Given the timeline america is on I don’t want an official diagnosis, it won’t give me anything but more trouble. And I’d have to pay handsomely for the pleasure of opening myself up to discrimination and worse.
My earliest clear memory, I think, is of going “into the mountain” with my dad. Where we lived when I was 3-4, there was a “mountain” in the middle of town. It wasn’t actually a mountain, more like a really tall cliff, but that’s what everyone called it. You could drive or walk up to the top and look out over the whole town. I remember, one time, only going up part-way, and entering a cave system where you could walk to a few different “holes” in the side of the cliff, that also looked out over the city.

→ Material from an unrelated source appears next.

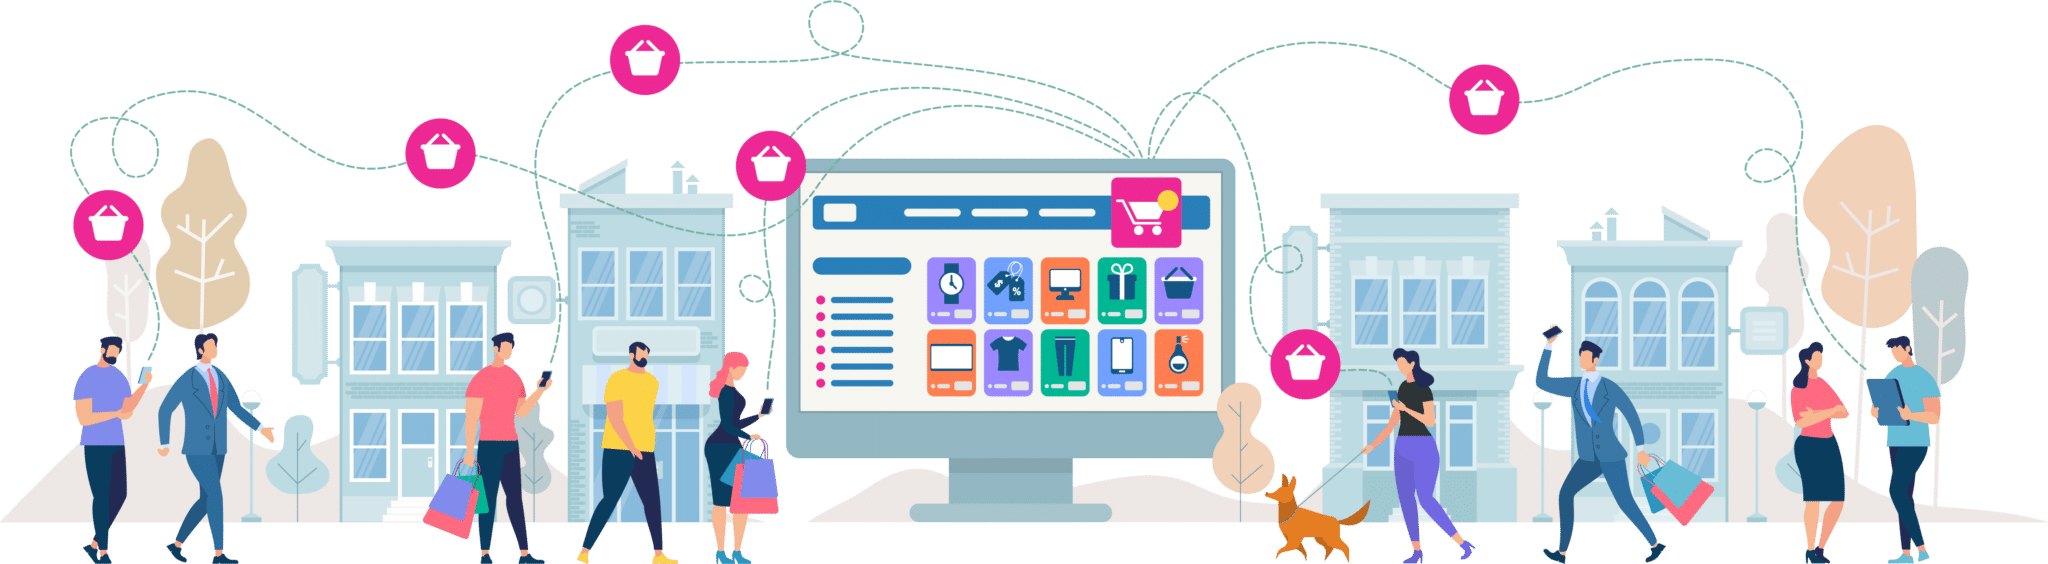 e-commerce business ventes en ligne

Except, I went back around when I was in college, and there is no such cave system. My dad confirms, there never was. So, apparently, my earliest memory is false.
The earliest memory I have that’s TRUE (as far as I know) is a little later, playing doctor, wherein I helped my dad give birth to 3 stuffed animals, who I then named Peter, Emily, and Raisin Bran.
Raisin Bran
Love that
Still have him, too. He lost an eye to a dog like 8 years ago.
Hasn’t happened yet and I don’t exoect it to anytime soon
I was sitting in my buggy on the way to the supermarket with my mom. I was definitely able to walk, I just liked being pushed around in my buggy. I think I was 3.
First proper memory is from when I was 3 and had to forever relinquish my pacifier in a large plastic tube in a Christmas theme park in the middle of summer.
Was a great injustice, but then I got to go to a dinosaur theme park, so all was good again.
Otherwise I just remember vague snippets like being very scared of a sheep.